The dependent variable EX _ijt in (5.4) represents country i’s exports to country j for time period t with an analogous notation for outward FDI (FDIout _ijt ) in (5.5). The sub-indices for imports (IM _ijt ) and inward FDI (FDIin _ijt ) in (5.6) and (5.7) respectively, denote trade/FDI activity to i from j in period t. The use of time effects t _r is motivated by findings in Baldwin and Taglioni (2006). The authors show that an exclusion of such time effects may result in significant misspecifications, given the fact that it is often impossible to obtain trade- or FDI-specific price data. Moreover, time effects allow us controlling for business cycle effects over the sample period. The other variables are defined as follows:

• GDP= Gross domestic product in i and j respectively

• POP= Population in i and j

• PROD= Labor productivity in i and j

• DIST= Geographical distance between state/national capitals

• SIM= Similarity index defined as: \(\log(1- (\frac {\mathit{GDP}_{i,t}}{\mathit{GDP}_{i,t} + \mathit{GDP}_{j,t}})^{2} - (\frac {\mathit{GDP}_{j,t}}{\mathit{GDP}_{i,t} + \mathit{GDP}_{j,t}})^{2})\)

• RLF= Relative factor endowments in i and j defined as: \(\log|(\frac{\mathit{GDP}_{i,t}}{\mathit{POP}_{i,t}}) - (\frac {\mathit{GDP}_{j,t}}{\mathit{POP}_{j,t}})|\)

• WAGE= Wage compensation per employee in i and j

• FDIopen= FDI openness in j as share of total inward FDI relative to GDP

• K= Total capital stock in i and j

• KI= Capital Intensity defined as Capital Stock per population in i

• EMU= EMU membership dummy for i and j

• EAST= East German state dummy for i

• BORDER= Border region dummy between i and j

• CEEC= Central and Eastern European country dummy for j

We can classify the set of control variables as either being time-varying or time-fixed. Time varying explanatory variables for the trade equations (both import & export flows) used throughout this analysis include GDP for home region and foreign country, population at home and abroad (POP), as well as variables, measuring the relative share of inter-industry trade (or vertical vs. horizontal FDI, respectively) based on indices of the similarity of economic size (SIM) and relative factor endowments (RLF).⁹ The variable SIM captures the relative size of two countries in terms of GDP, assuming that we can model each German state as an individual small open economy (SOE). The variable takes values between zero (absolute divergence) and 0.5 (equal country size). RLF captures differences in terms of relative factor endowments, where we assume that these endowments are closely linked to per-capita GDP as a proxy for the former. The RLF variable takes a minimum of zero for equal factor endowments in the two regions. Based on recent findings in NTT models, we also test the effect of home and host country labor productivity (defined as GDP per total employment) on trade. We finally specify a (one) time-varying dummy to check for trade/FDI-creating effects of the EMU starting from 1999.

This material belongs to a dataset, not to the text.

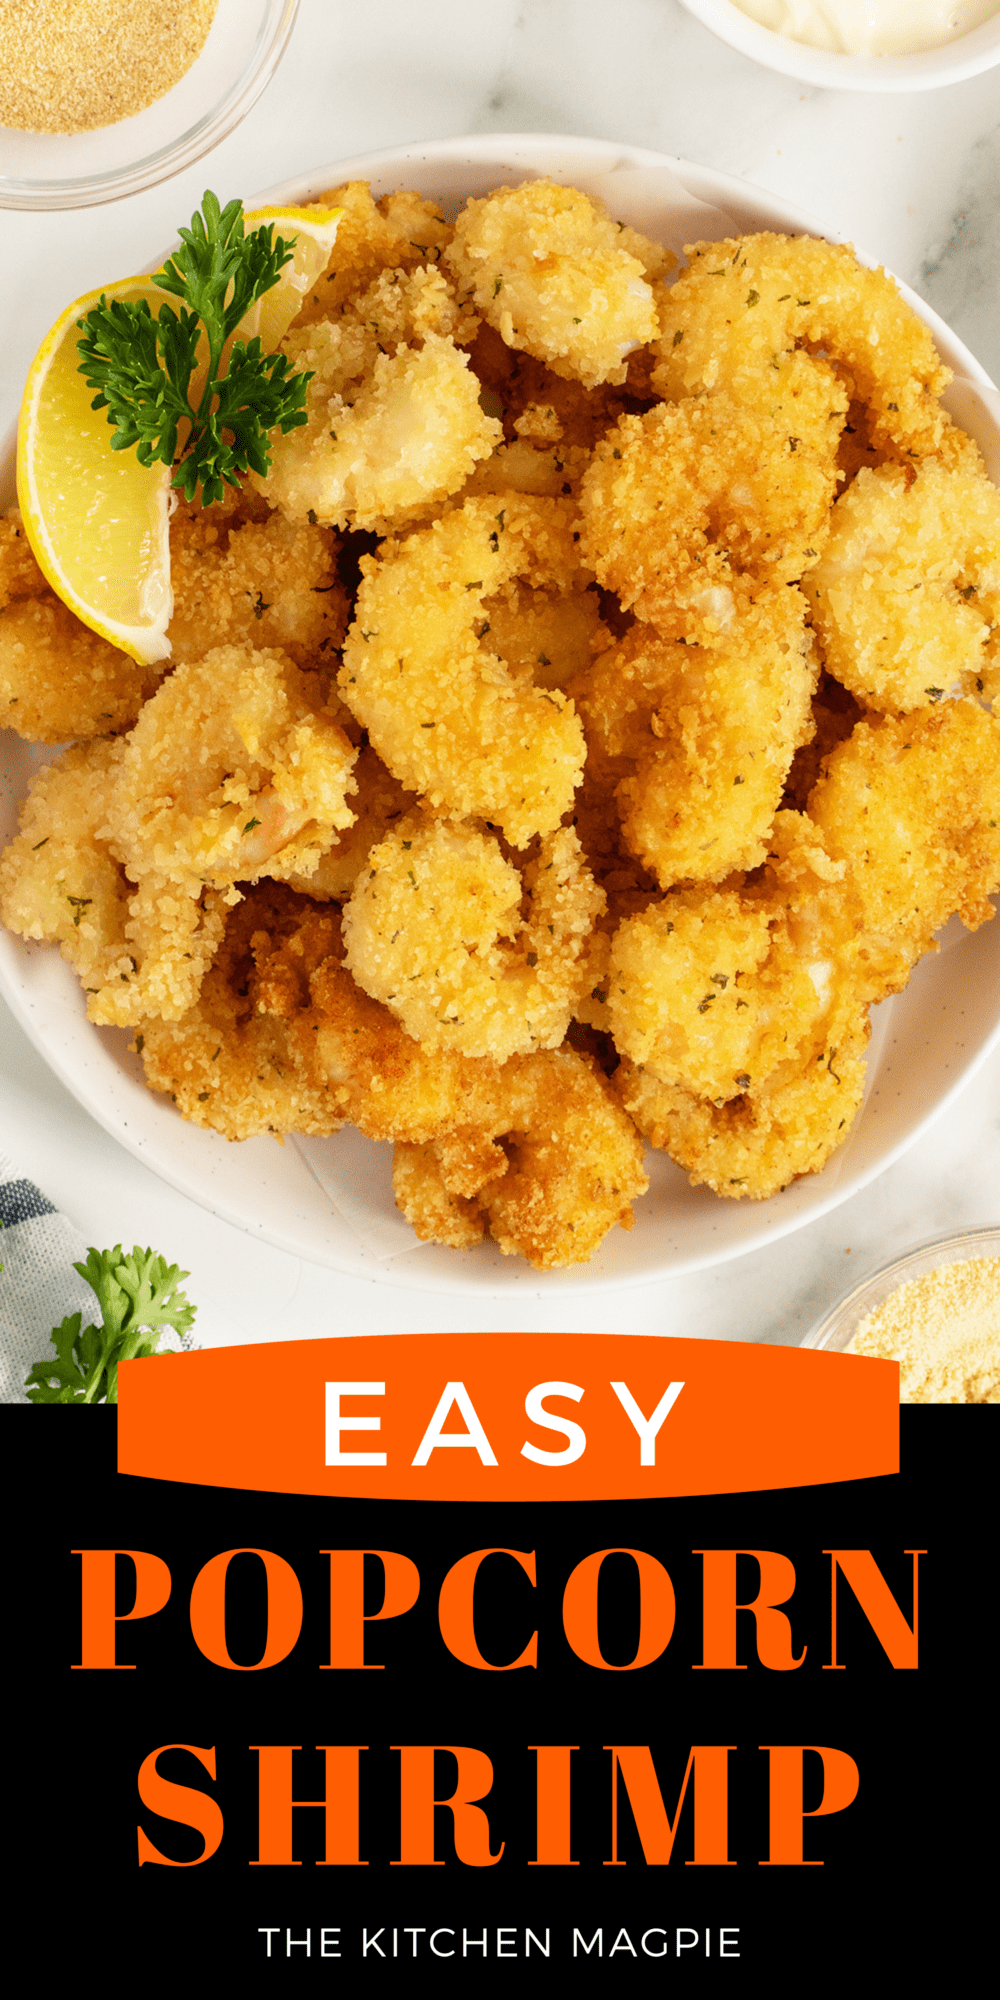 Popcorn Shrimp can be delicious when homemade and served as an appetizer, either for your family or as the perfect party snack!
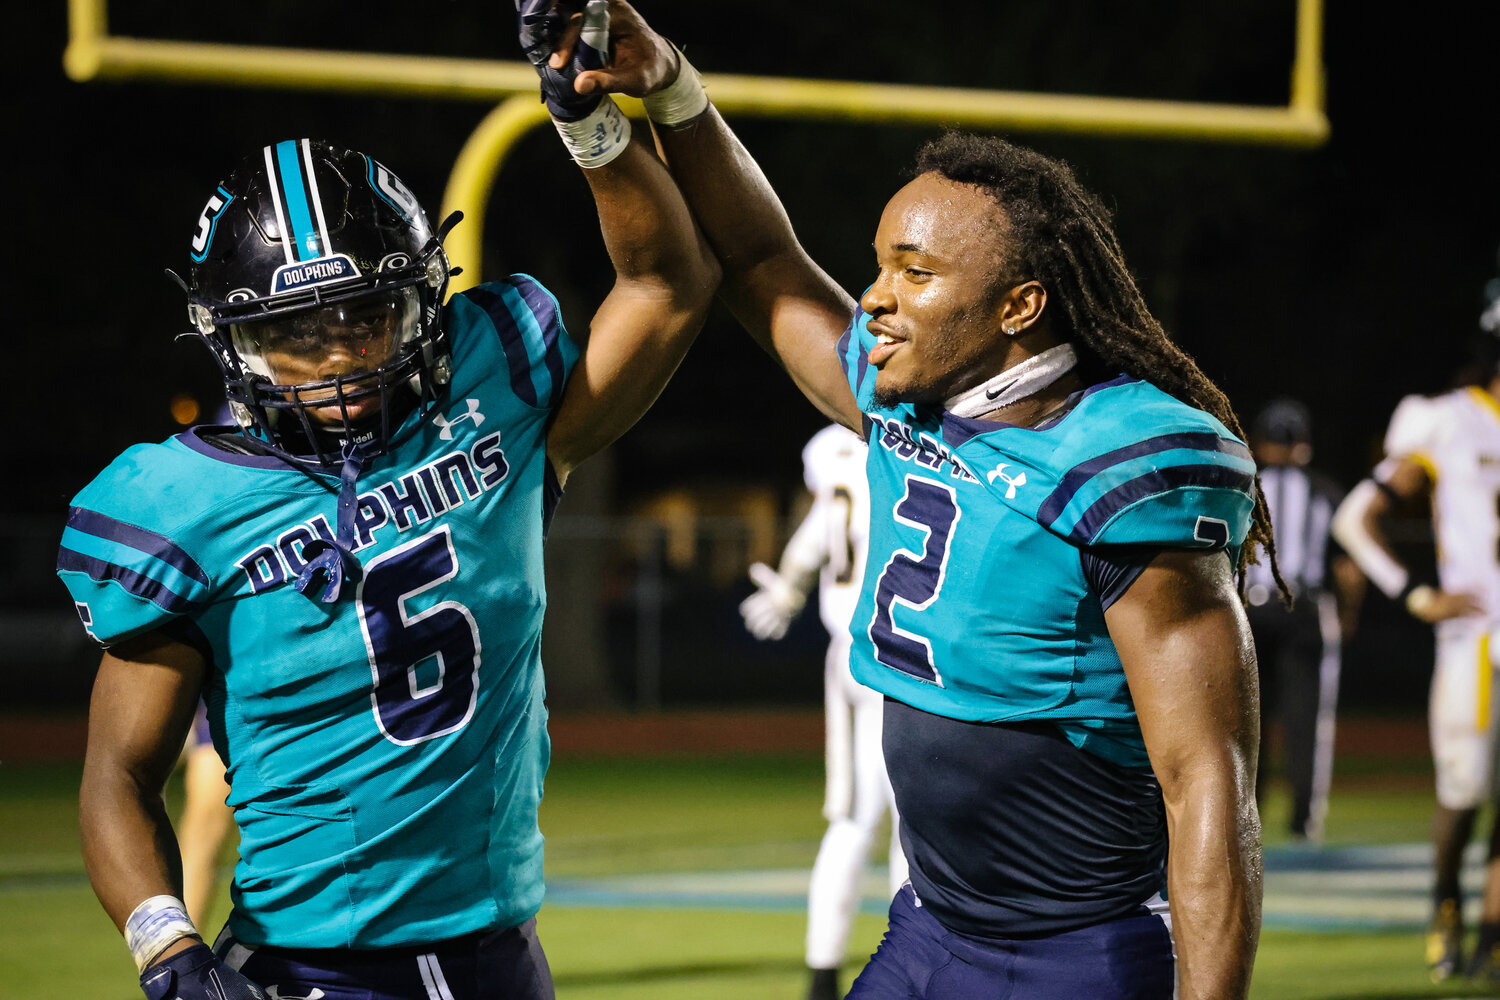 Junior Kolin Wilson and senior Ronnie Royal celebrate Wilson's second touchdown of the night on Friday, Oct. 6, at the Gulf Shores Sportsplex as part of the Dolphins’ 45-13 win over Williamson. Both athletes registered two touchdowns each to help extend Gulf Shores’ season-opening win streak to seven games.

The economic interpretation of the time-varying variables is as follows: For the export equation (and imports vice versa) GDP levels at home and abroad are expected to be positively correlated with the level of exports (imports) reflecting the theoretical argument that the supply and demand for differentiated varieties increases with absolute higher income values. A similar connection can also be established if we substitute absolute income levels by per capita GDP in i and j as a proxy for welfare levels. The effect of population is not that clear cut. The most prominent interpretation is offered by Baldwin (1994) that both home and foreign country population levels are negatively related to trade, since larger countries tend to be more self-sufficient in terms of production and resource endowment. An alternative interpretation is that a positive impact of exporter population on trade indicates labor intensive good exports, while a negative one stands for capital intensive export dominance (see e.g. Serlenga and Shin 2007). In this line of argumentation, a positive correlation of foreign population and trade may indicate exports in necessity goods (likewise a negative one for luxury goods). Next to GDP or GDP per capita level we may also consider productivity measures at home and abroad. With respect to home (foreign) country productivity, we expect a positive influence on exports (imports) inspired by recent theoretical findings that more productive firms on average tend to have a higher degree of internationalization. SIM may serve as an indicator for the relative share of intra-industry trade. That is, the more similar countries are in terms of GDP, the higher will be the share of intra-industry trade. The interpretation of RLF is in similar veins (but of opposite coefficient sign). For increasing differences in factor endowments, we expect a rise in the relative share of inter-industry trade. For the EMU dummy we expect that the creation of the monetary unit has induced positive trade/FDI effects for its member states.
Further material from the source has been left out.